Myogenic Differentiation and Fusion Assay

To promote fusion and differentiation, rat L6 myoblasts were seeded at 104 cells/cm2 in 60-mm tissue culture plastic Petri dishes in 4 ml of growth medium (GM) (DMEM plus 10% fetal bovine serum), and cultured without changing the medium for 3 d. When cells were nearly confluent, the medium was replaced with 4 ml of differentiation medium (DMEM plus 2% horse serum), and the cells were cultured for an additional 7 d. The ability of cells to fuse was assessed by determining the number of nuclei in cells with more than three nuclei and dividing by the total number of nuclei in all cells, as described previously (Eidelman et al., 1993). For anti-myosin immunofluorescent staining, cultures were induced to differentiate in multiwell chamber slides (Nunclon; Nalge Nunc, Naperville, IL). As a measure of biochemical differentiation, immunofluorescent labeling of permeabilized cells was performed as described previously (De Giovanni et al., 1993) by using anti-myosin heavy chain monoclonal 47A antibody (courtesy of P. A. Merrifield, University of Western Ontario, London, Ontario, Canada).

RESULTS

Sequence Features

The known nucleotide sequences of the carboxy-terminal domains of human CEA family members (Figure 1) indicate the common presence at the same position of a stop codon in all GPI-anchored members (CEA, CEACAM6, CEACAM8, and CEACAM7), differing by a one-base pair deletion and a substitution relative to the sequences of TM-anchored members (CEACAM1 and CEACAM3). Interestingly, these mutations occurred in a region consisting of three trinucleotide (AGC) imperfect repeats, which might be expected to be a mutational hot spot due to slippage of replication enzymes (Freimer and Slatkin, 1996), and which, in fact, shows deletion of one of the first two repeats as well as other mutations in various family members (Figure 1). As mentioned above, the acquisition of a stop codon and a few upstream mutations in TM-anchored CEACAM1 has been shown to be sufficient for conversion to efficient GPI anchorage.
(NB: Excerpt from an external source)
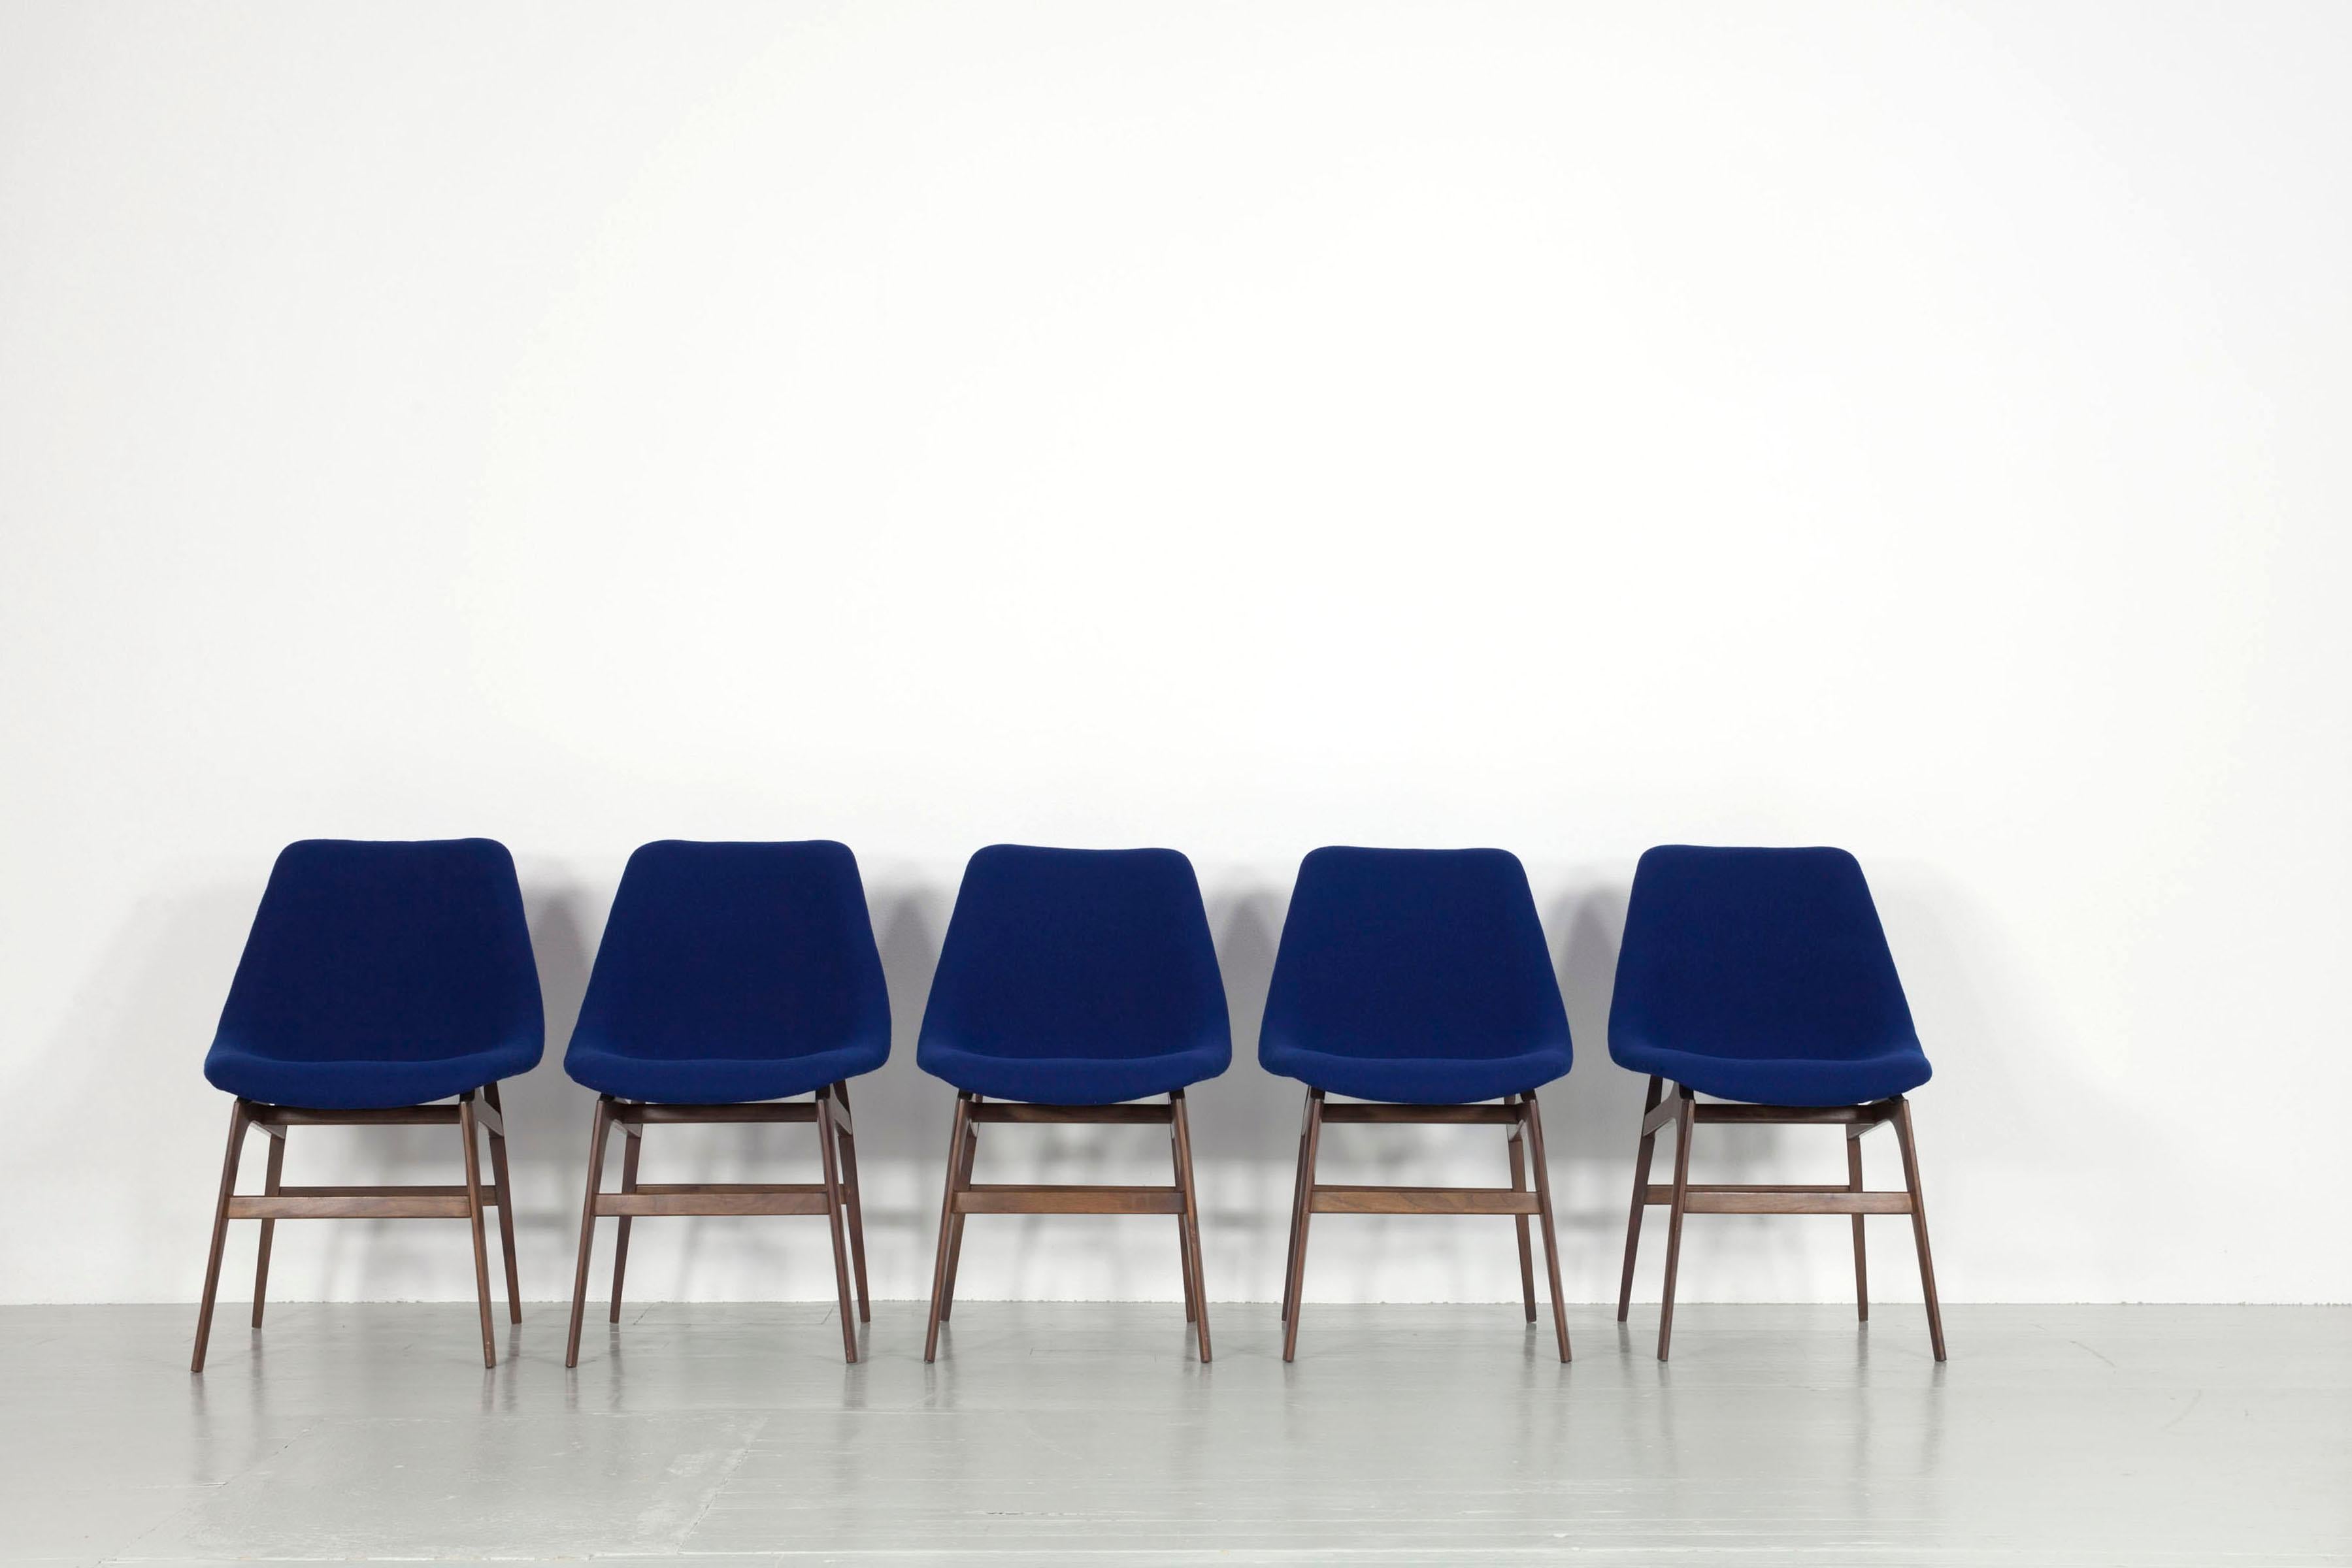 Cet ensemble de six chaises a été fabriqué en Italie dans les années 1960 et commercialisé par la société Busnelli di Meda. Les cadres des chaises en teck, très robustes, présentent des signes d'usure. Le siège est constitué d'une coque en fibre de
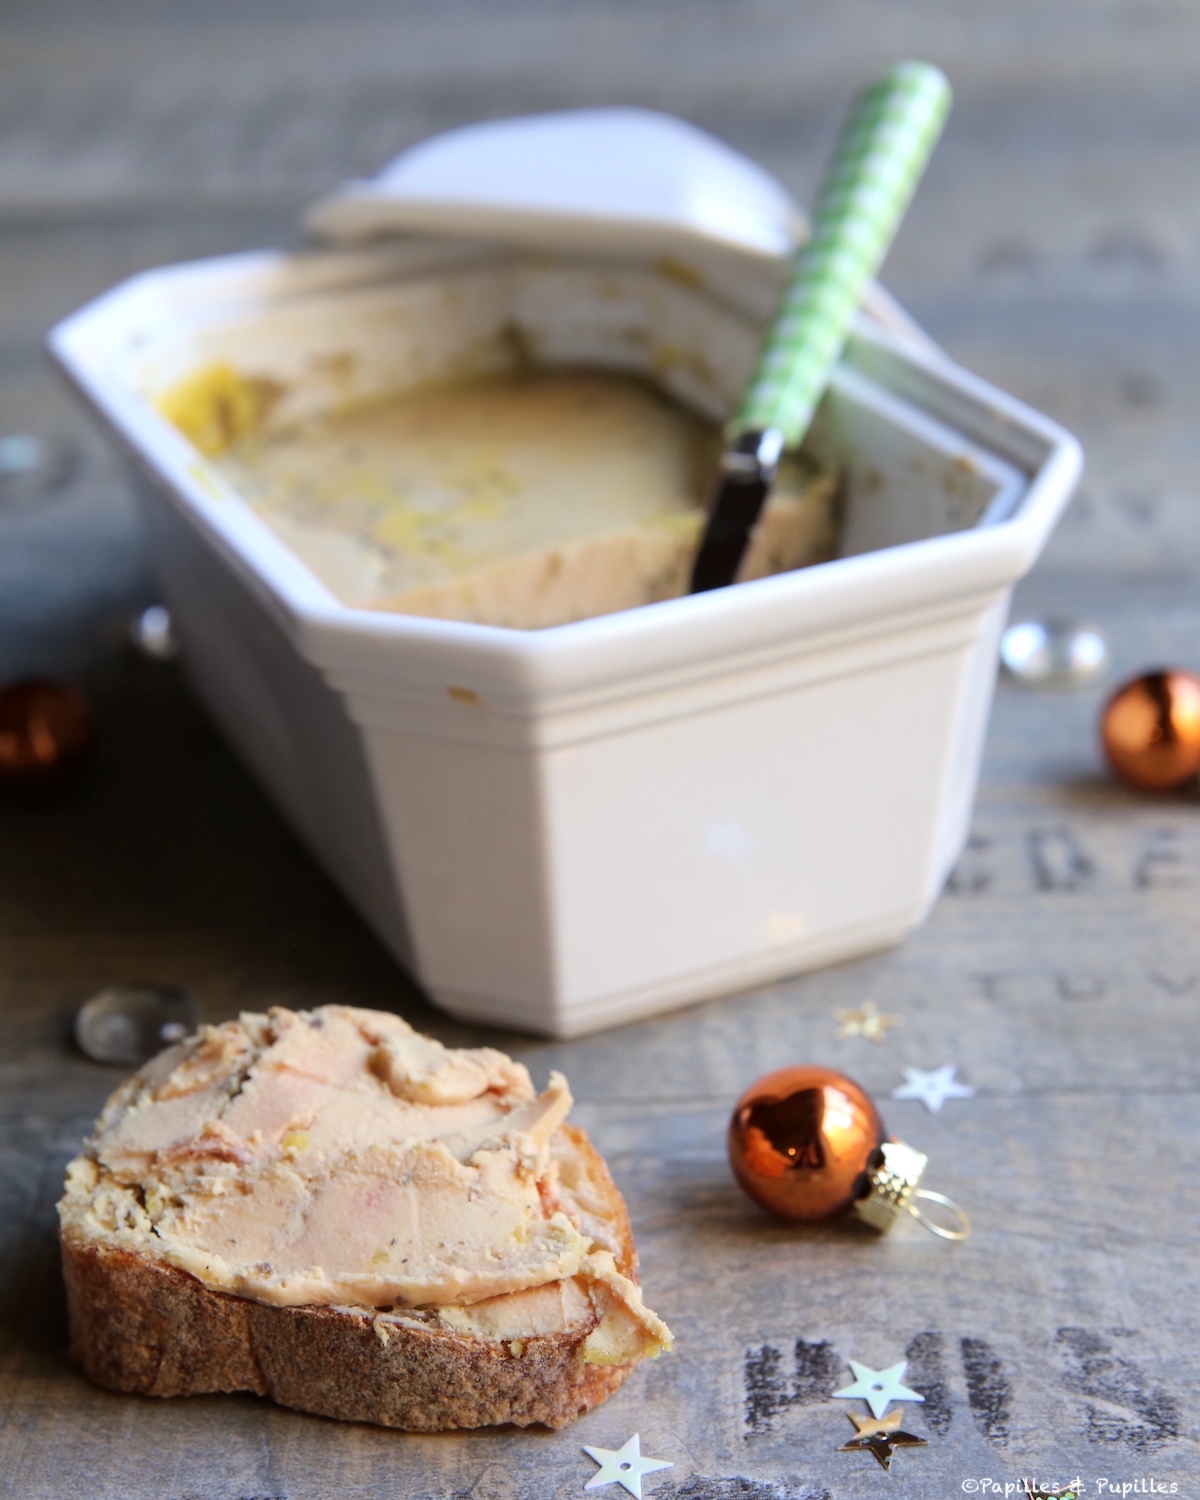 MAISON MONTFORT Foie gras de canard cru surgelé éveiné 10 parts 450g pas  cher

Isolation and Characterization of Genomic Carboxy-Terminal Sequences

On the assumption that a stop codon in the carboxy-terminal domain of CEA family members is indicative of GPI linkage (Naghibalhossaini and Stanners, 2004), the carboxy-terminal exon nucleotide sequence of human CEA was used to design two sets of primers for PCR reactions with genomic DNA of various species (Figure 1). One of these sets (S-1 and AS-1) could amplify only sequences containing the human CEA-like stop codon, because the 3′ end of the AS-1 primer is situated in the stop codon. The second set of primers (S-2 and AS-2) bracket the first set and therefore include the stop codon. Both sets were used to screen genomic DNA from various species.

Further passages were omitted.